Yes, it makes me write pretentious pieces on Medium about “the experience” of vinyl, and I feel a little bit embarrassed about that. But on the other hand, maybe it’s ok. I think it’s possible to be self-aware about the real reason why we do things, yet still embrace what we thought it represented and enjoy that. I have to believe it’s possible to hold those opposing things in my head without spontaneously self-combusting. And you know what, if my chase for audio excellence is actually about a chase for closer connection with other people, it’s probably ok anyway.

That’s my story and I’m sticking with it.

Expanding our technology worldviews

A couple of weeks ago Andrew Watts published A Teenager’s View on Social Media, and the post got a lot of attention. Most of the tech world linked to it. Today, danah boyd (whose work researching teen use of social media I highly admire) published a response called An Old Fogey’s Analysis of a Teenager’s View on Social Media. She makes some excellent points about how the story was reported, particularly the narrative that was built around one person’s experiences:

I don’t for a second fault Andrew for not having a perspective beyond his peer group. But I do fault both the tech elite and journalists for not thinking critically through what he posted and presuming that a single person’s experience can speak on behalf of an entire generation. There’s a reason why researchers and organizations like Pew Research are doing the work that they do — they do so to make sure that we don’t forget about the populations that aren’t already in our networks. The fact that professionals prefer anecdotes from people like us over concerted efforts to understand a demographic as a whole is shameful. More importantly, it’s downright dangerous. It shapes what the tech industry builds and invests in, what gets promoted by journalists, and what gets legitimized by institutions of power. This is precisely why and how the tech industry is complicit in the increasing structural inequality that is plaguing our society.

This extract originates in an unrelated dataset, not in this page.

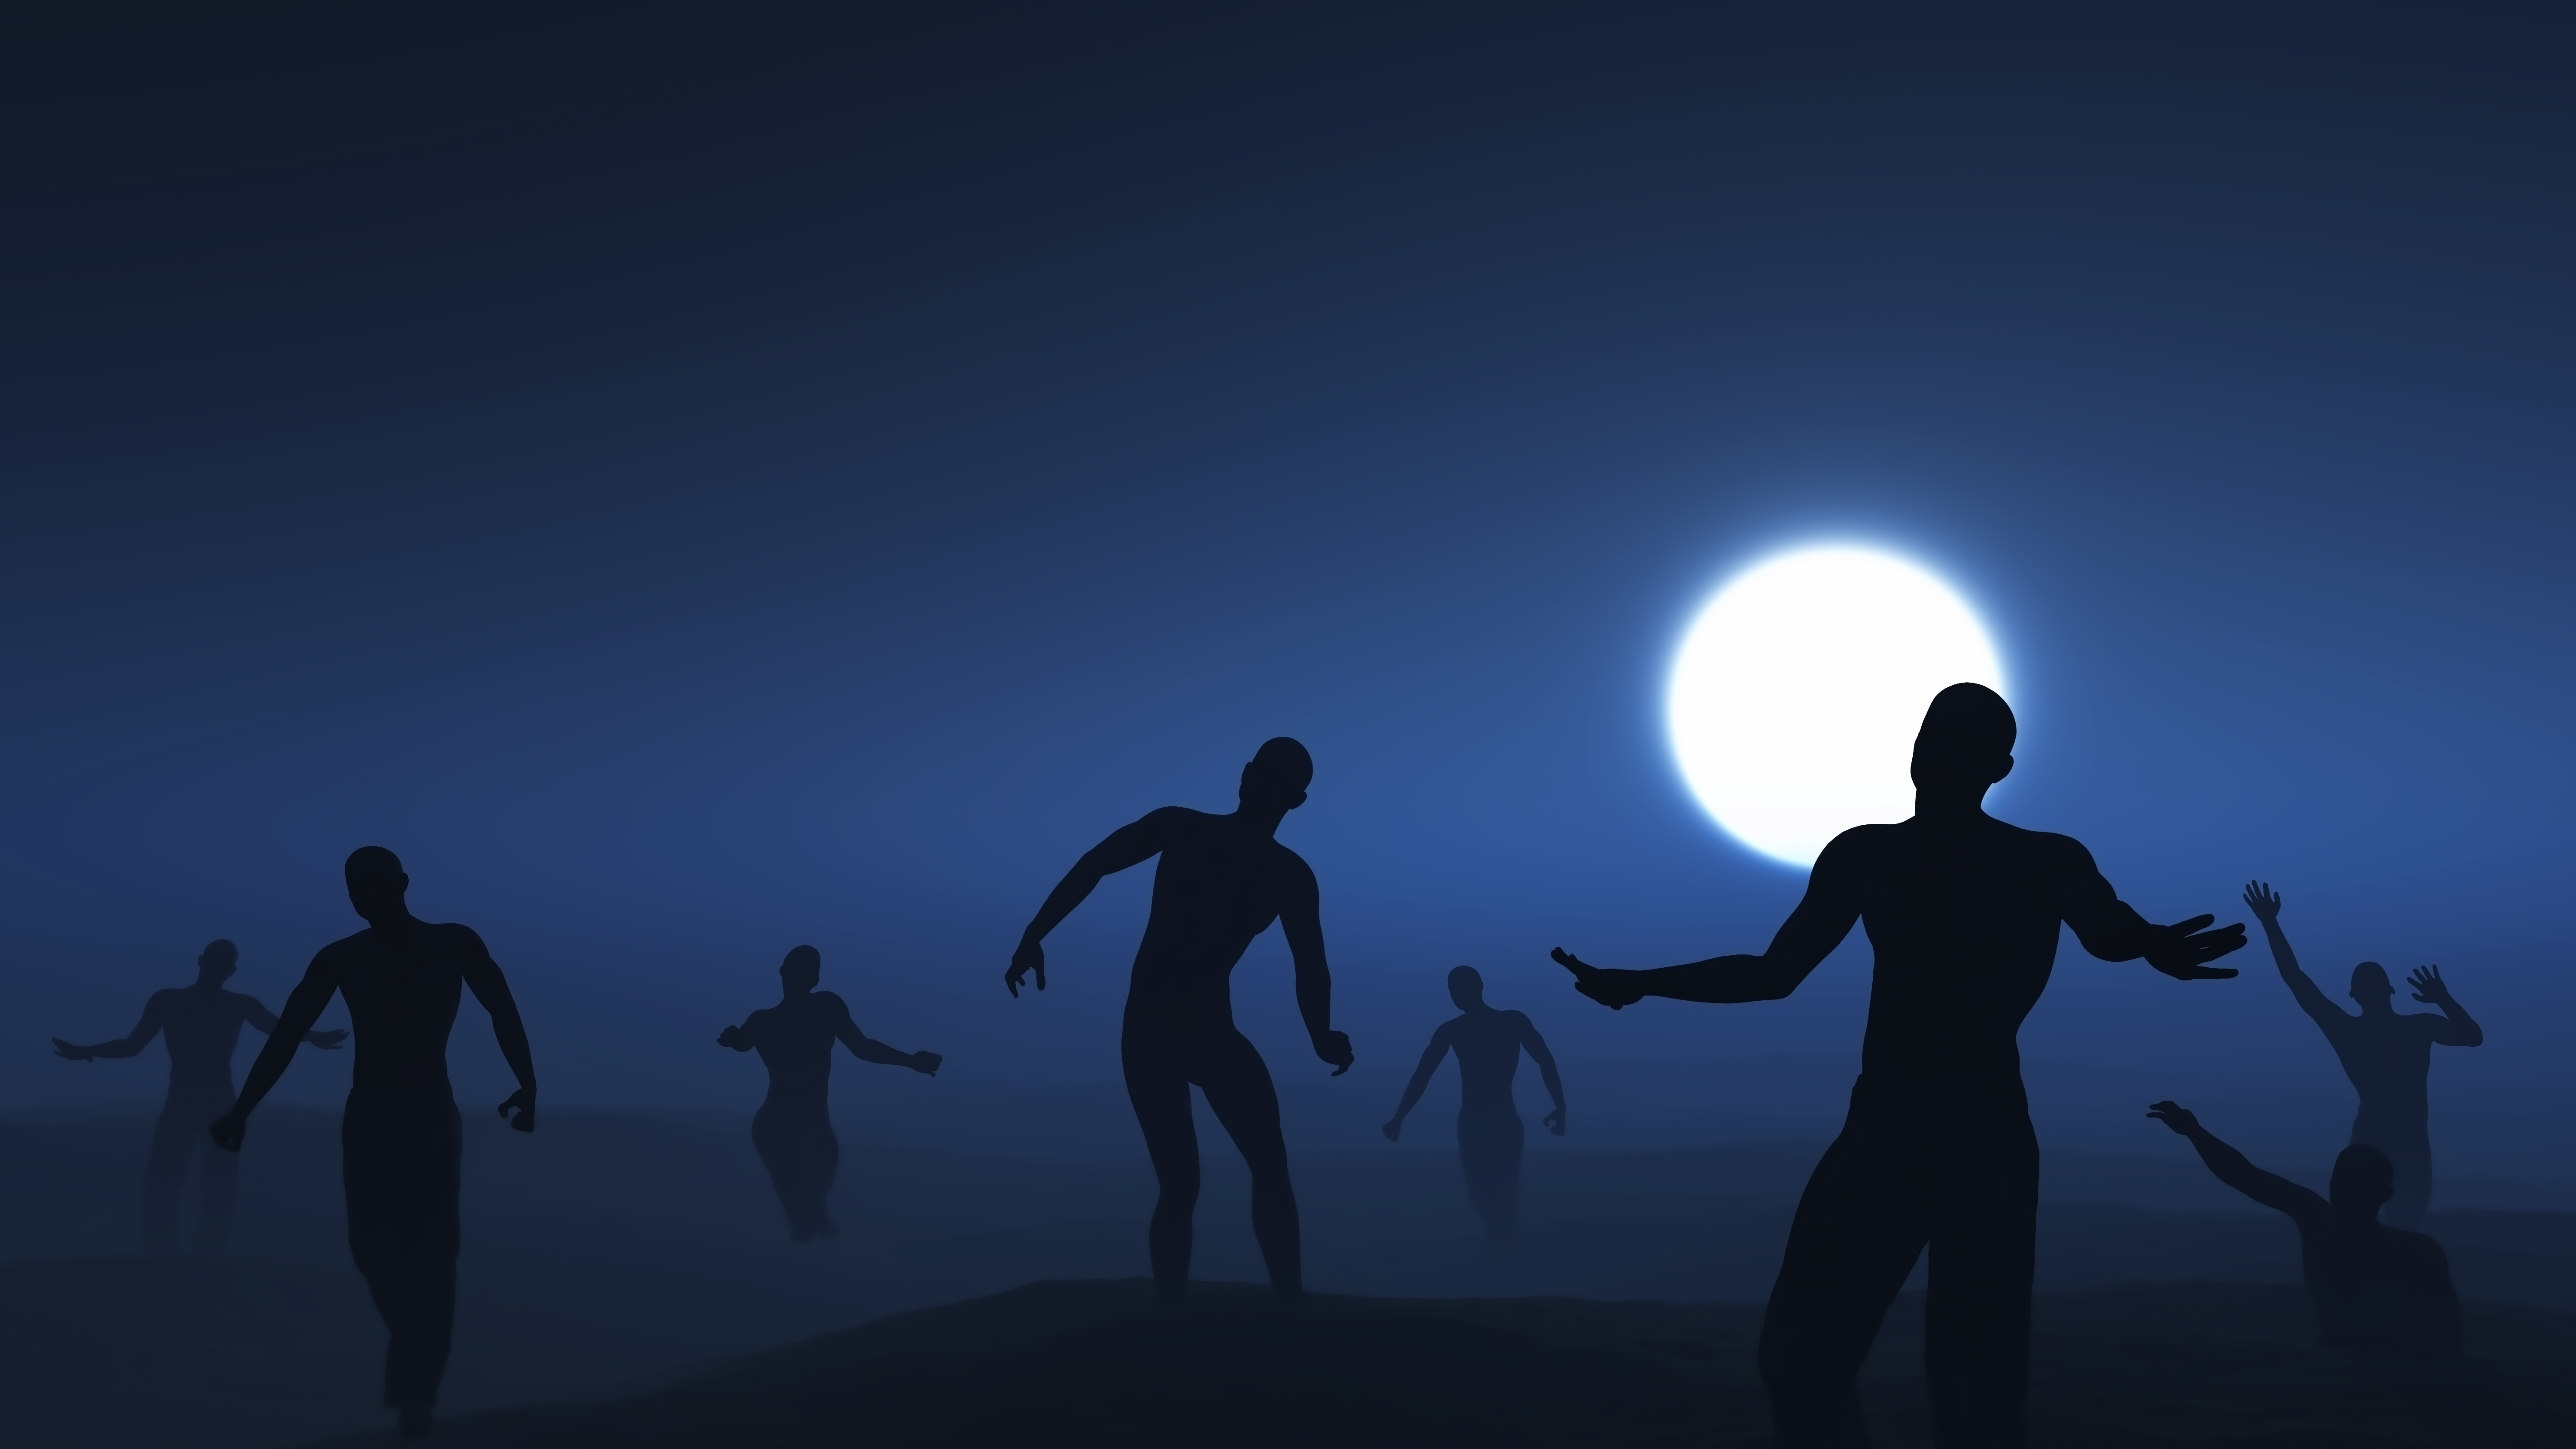 3D landscape of spooky walking zombies
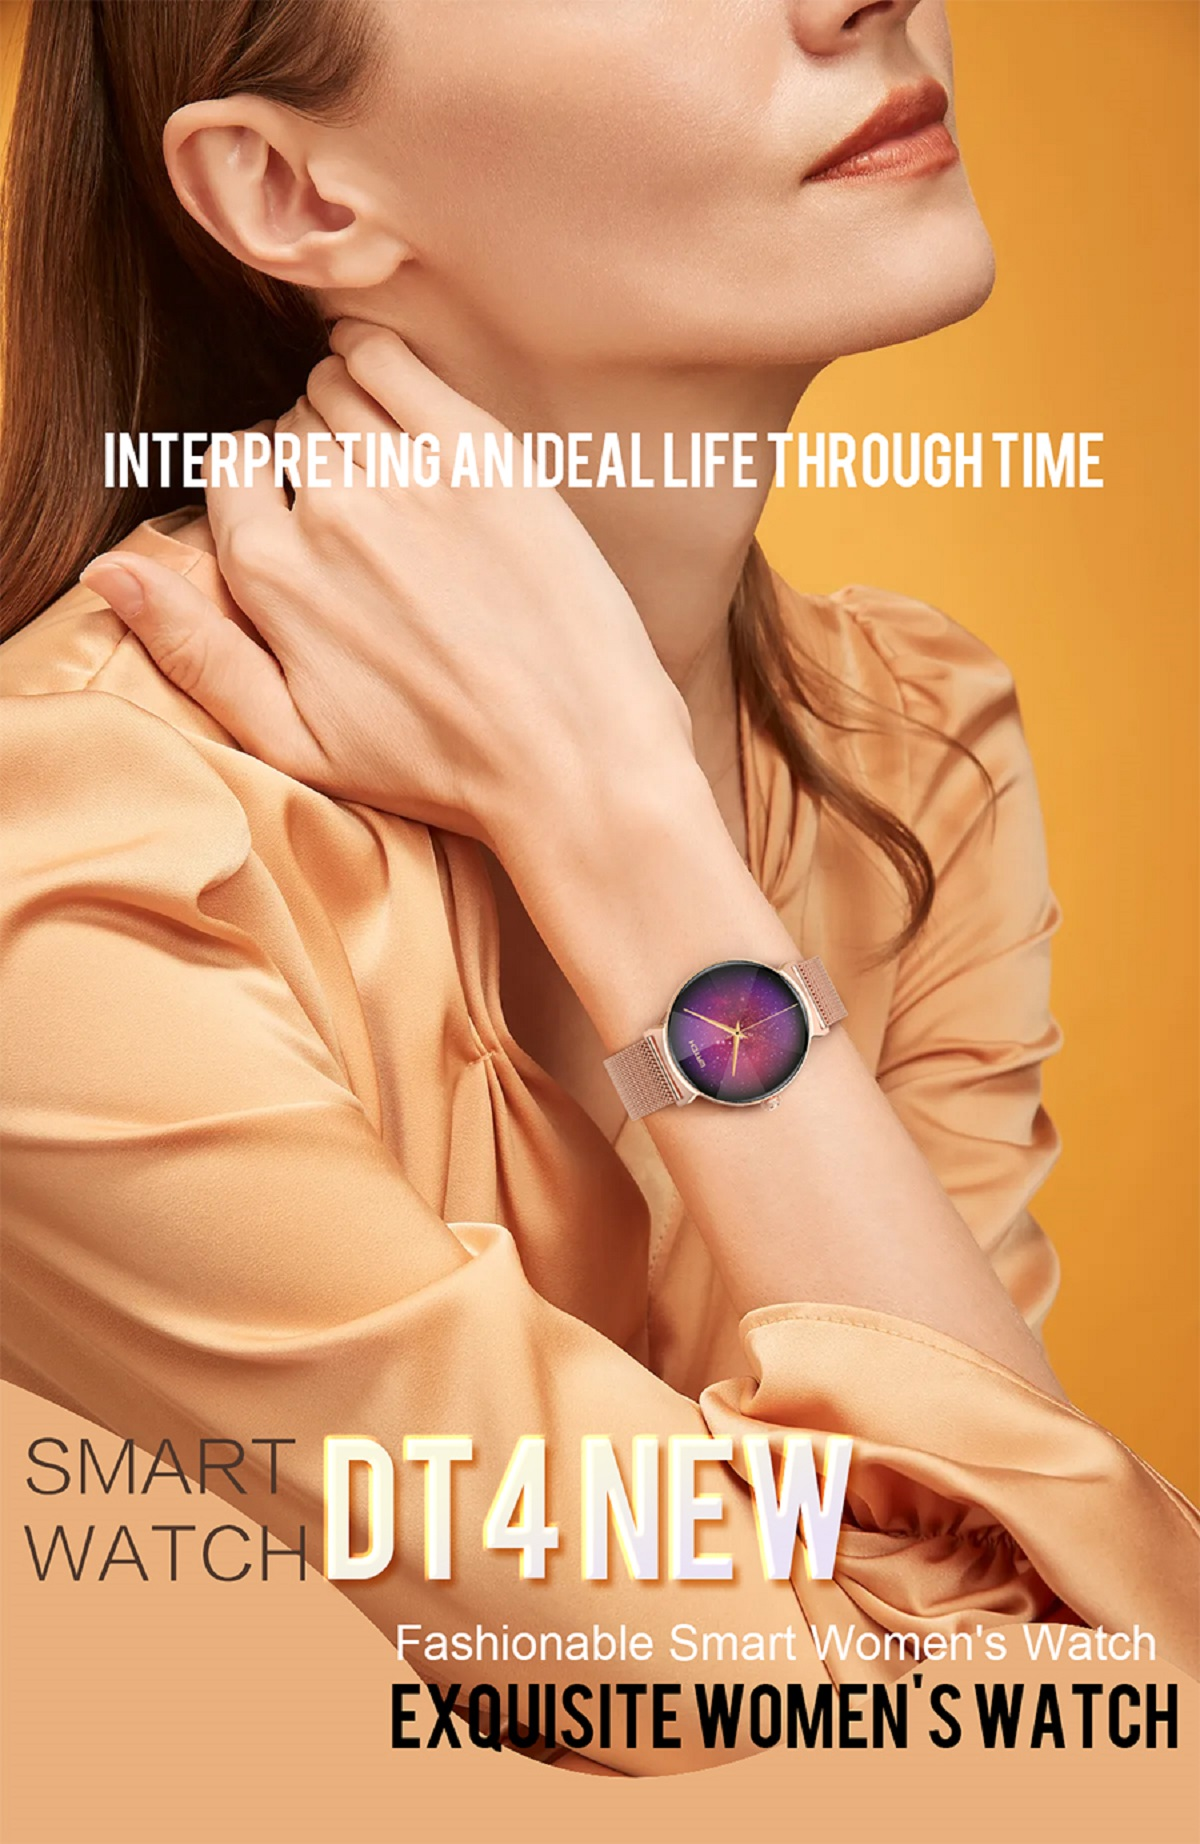 MIRUX DT4New BT-Anruf Rund Pink Aktivitätstracker Silikon, 240mm, Gold Smartwatch

Our church is doing a series on social justice at the moment, leading up to MLK day. Yesterday the amazing Michelle Jones read a section of Maya Angelou’s eulogy to Coretta Scott King, and those words seem to fit well with danah’s piece and the conversations we’ve been having in the US recently:

Many times on those late evenings she would say to me, “Sister, it shouldn’t be an ‘either-or’, should it? Peace and justice should belong to all people, everywhere, all the time. Isn’t that right?” And I said then and I say now, “Coretta Scott King, you’re absolutely right. I do believe that peace and justice should belong to every person, everywhere, all the time.”

And those of us who gather here, principalities, presidents, senators, those of us who run great companies, who know something about being parents, who know something about being preachers and teachers — those of us, we owe something from this minute on; so that this gathering is not just another footnote on the pages of history. We owe something.

I pledge to you, my sister, I will never cease.

I mean to say I want to see a better world.

I mean to say I want to see some peace somewhere.

I mean to say I want to see some honesty, some fair play.

I want to see kindness and justice. This is what I want to see and I want to see it through my eyes and through your eyes, Coretta Scott King.

If we’re going to see justice, honesty, and fair play, we’re going to have to step out of what we know and what we’re comfortable with, and speak up (and do up) to do our parts to bring others along with us. And that means, at the very least, to change our perceptions of the tech world and the people who use the things we make. I’ve written before about the digital usability divide (what danah calls “increasing structural inequality”), and I only see it getting worse unless we — who make the web — get a better understanding of all demographics.